Composite: nn.pad?, nn.conv2d, nn.bias_add?, nn.relu?, qnn.requantize

(only groups = 1 supported)

nn.maxpool2d

fp32, uint8

reshape

fp32, uint8

Note

A composite operator is a series of operators that map to a single Arm Compute Library operator. You can view this as being a single fused operator from the view point of Arm Compute Library. ‘?’ denotes an optional operator in the series of operators that make up a composite operator.

Adding a new operator

Adding a new operator requires changes to a series of places. This section will give a hint on what needs to be changed and where, it will not however dive into the complexities for an individual operator.

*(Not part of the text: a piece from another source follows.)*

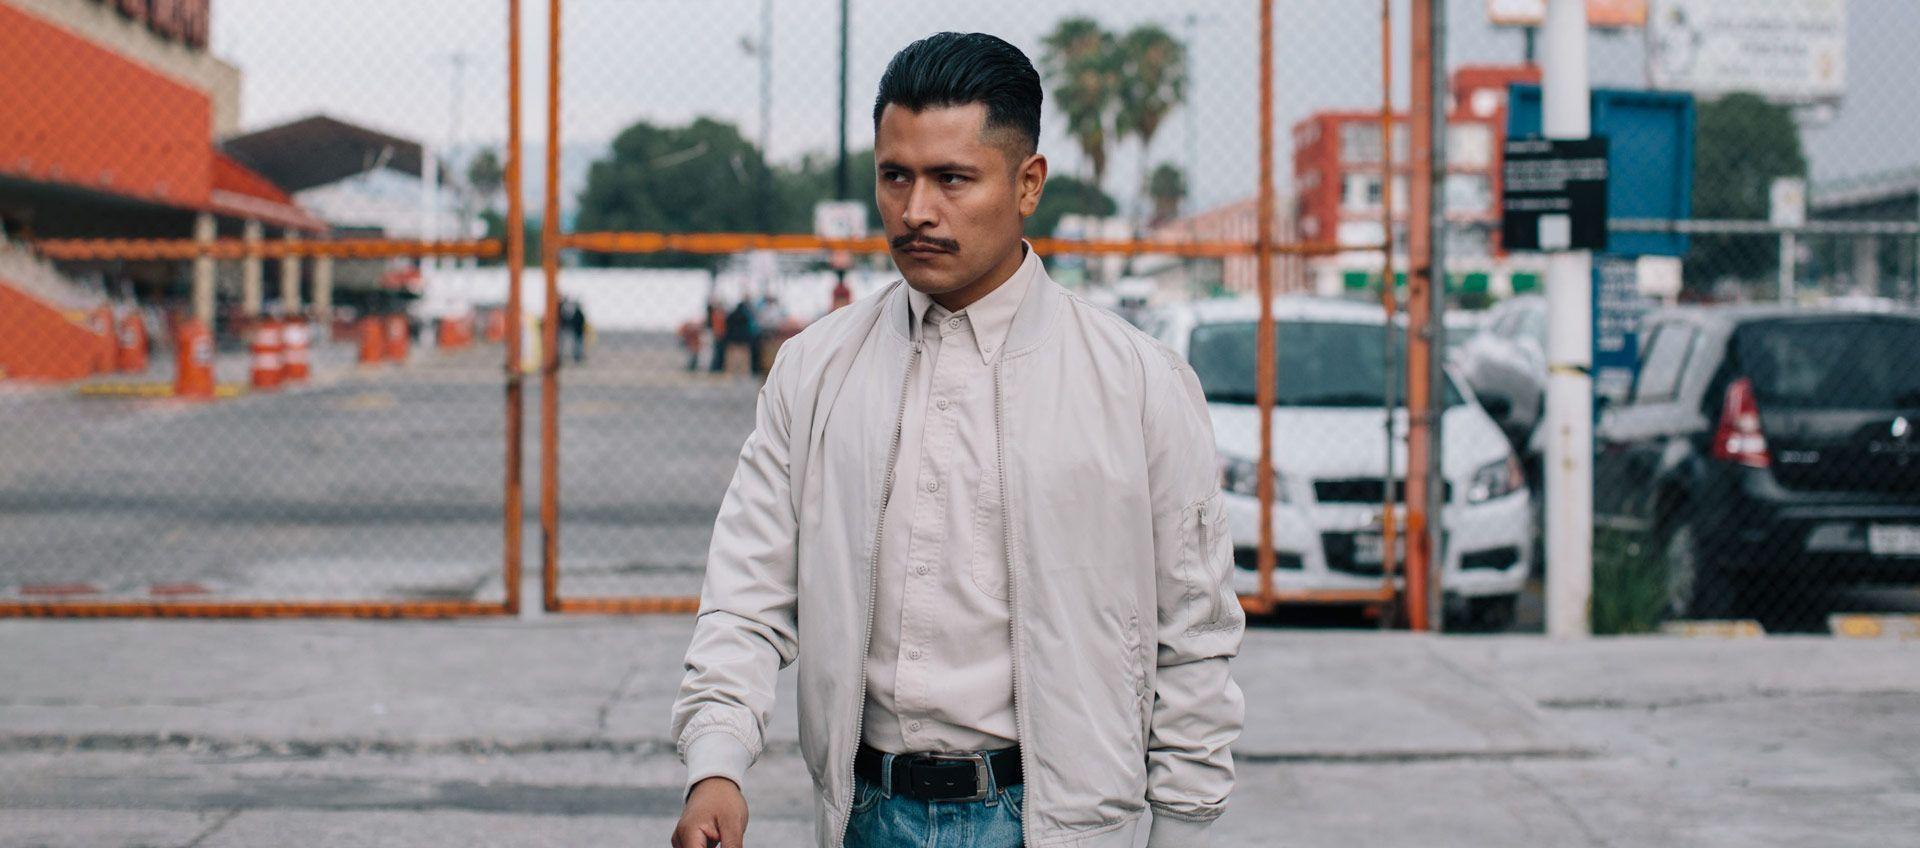 Manuel Contreras

This is left to the developer.

There are a series of files we need to make changes to: * python/relay/op/contrib/arm_compute_lib.py In this file we define the operators we wish to offload using the op.register decorator. This will mean the annotation pass recognizes this operator as ACL offloadable. * src/relay/backend/contrib/arm_compute_lib/codegen.cc Implement Create[OpName]JSONNode method. This is where we declare how the operator should be represented by JSON. This will be used to create the ACL module. * src/runtime/contrib/arm_compute_lib/acl_kernel.h Implement Create[OpName]Layer method. This is where we define how the JSON representation can be used to create an ACL function. We simply define how to translate from the JSON representation to ACL API. * tests/python/contrib/test_arm_compute_lib Add unit tests for the given operator.